> **What you need to do**
Take the material below and reproduce, word for word, only the lines from the line with "PNG plane outline" through the line with "Indonésie změny cen".

> **Information provided**

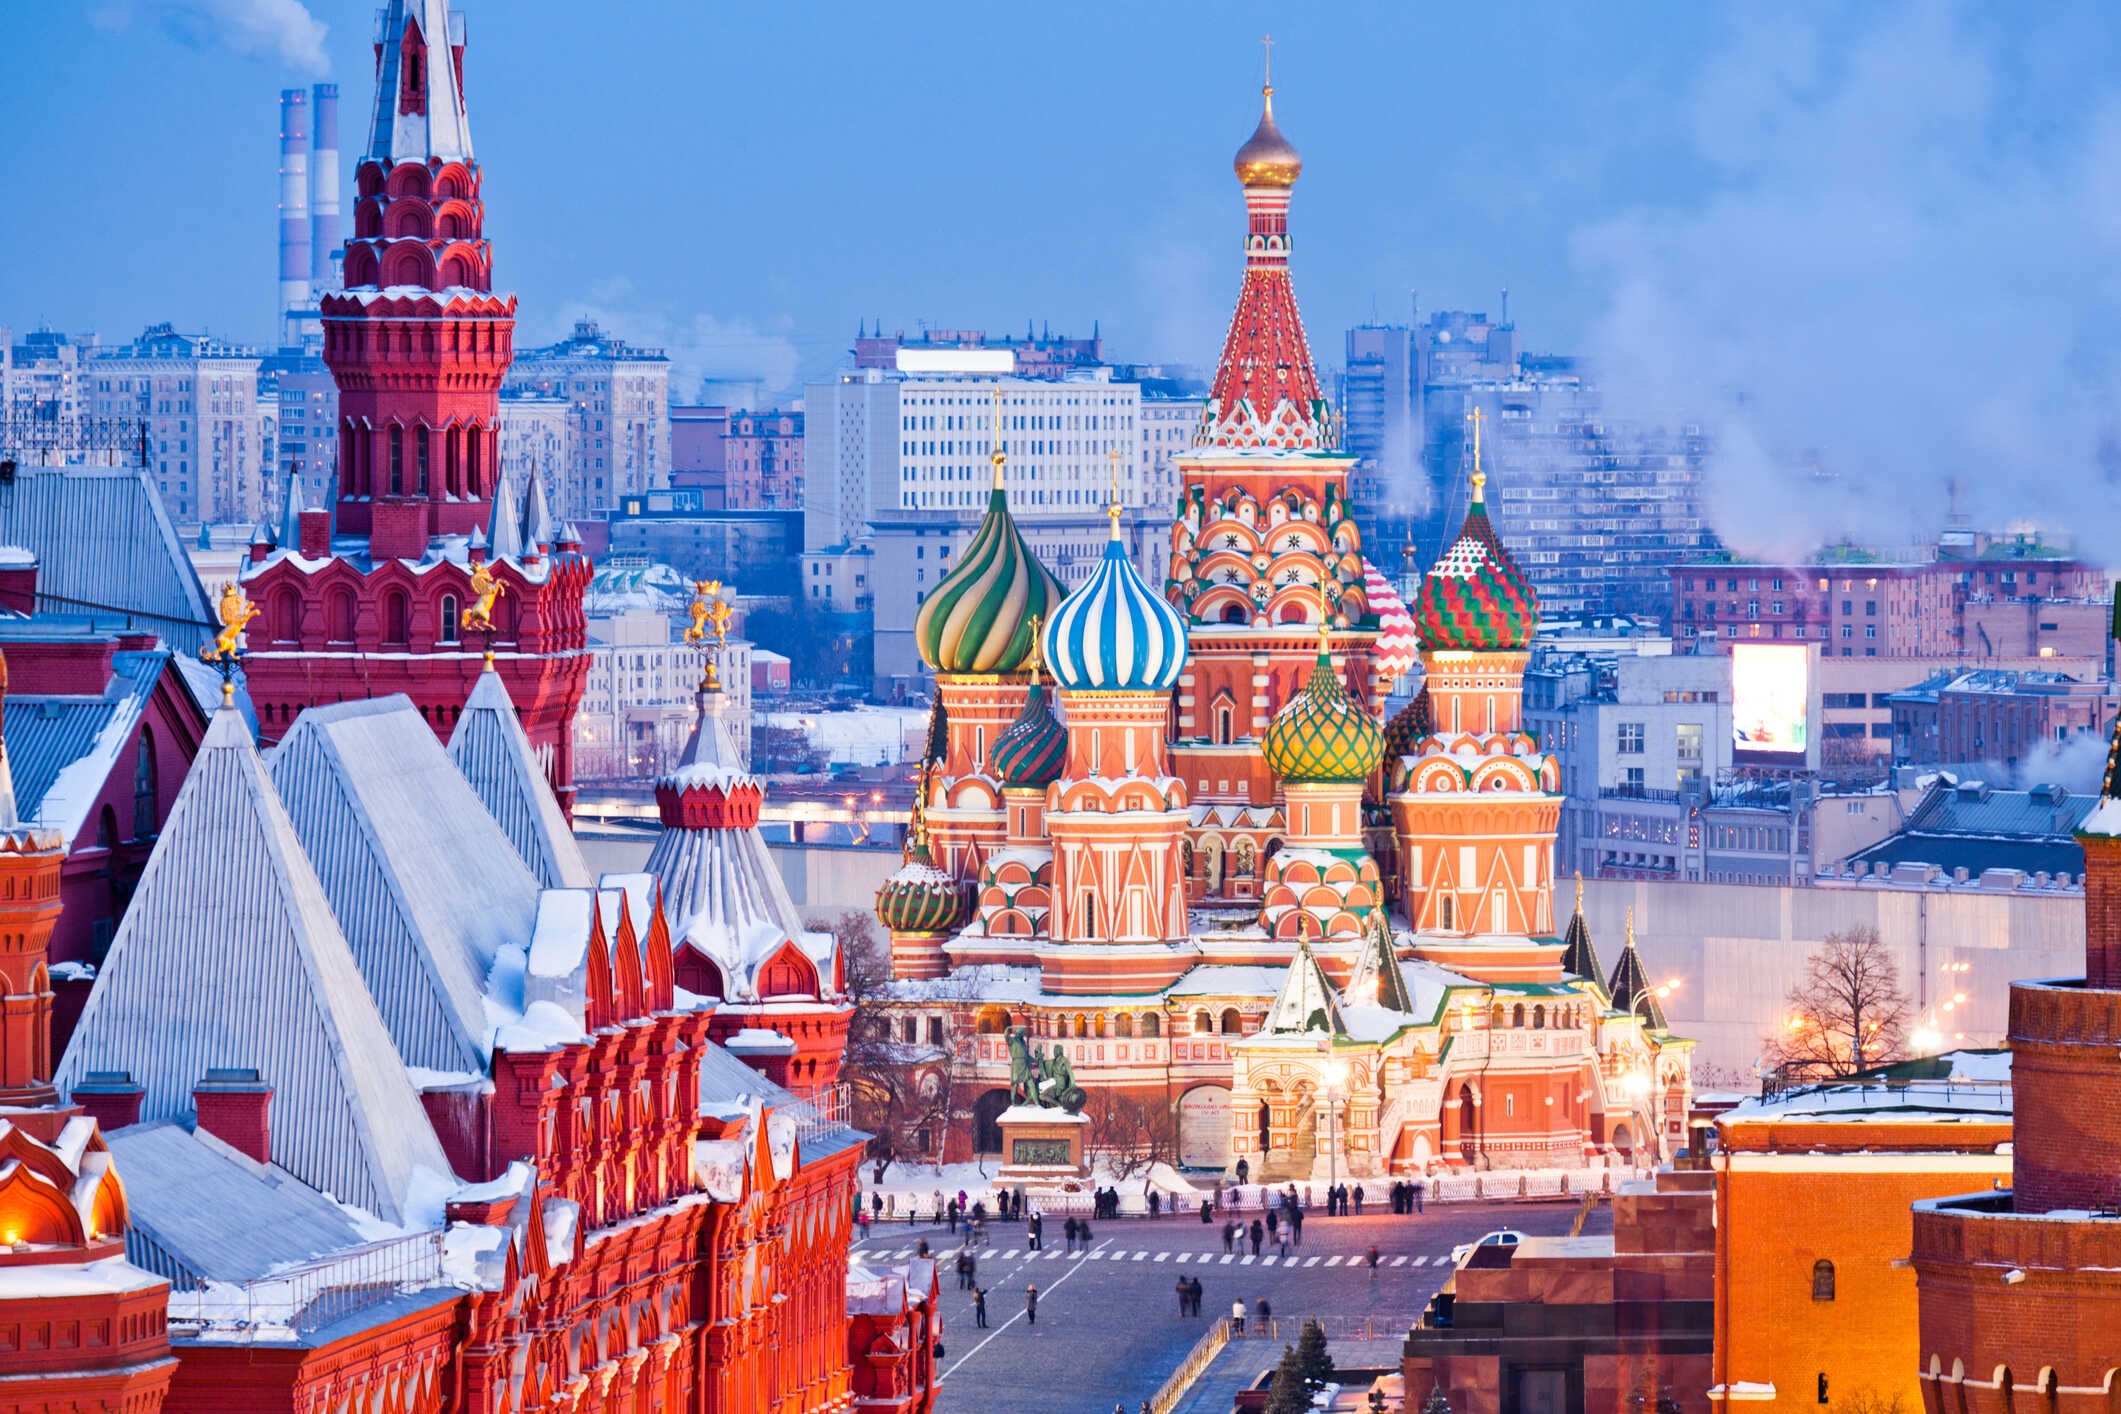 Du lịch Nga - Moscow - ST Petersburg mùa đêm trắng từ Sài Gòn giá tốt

---

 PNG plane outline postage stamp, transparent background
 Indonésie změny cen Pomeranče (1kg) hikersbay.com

> **Solved problem**
 PNG plane outline postage stamp, transparent background
 Indonésie změny cen Pomeranče (1kg) hikersbay.com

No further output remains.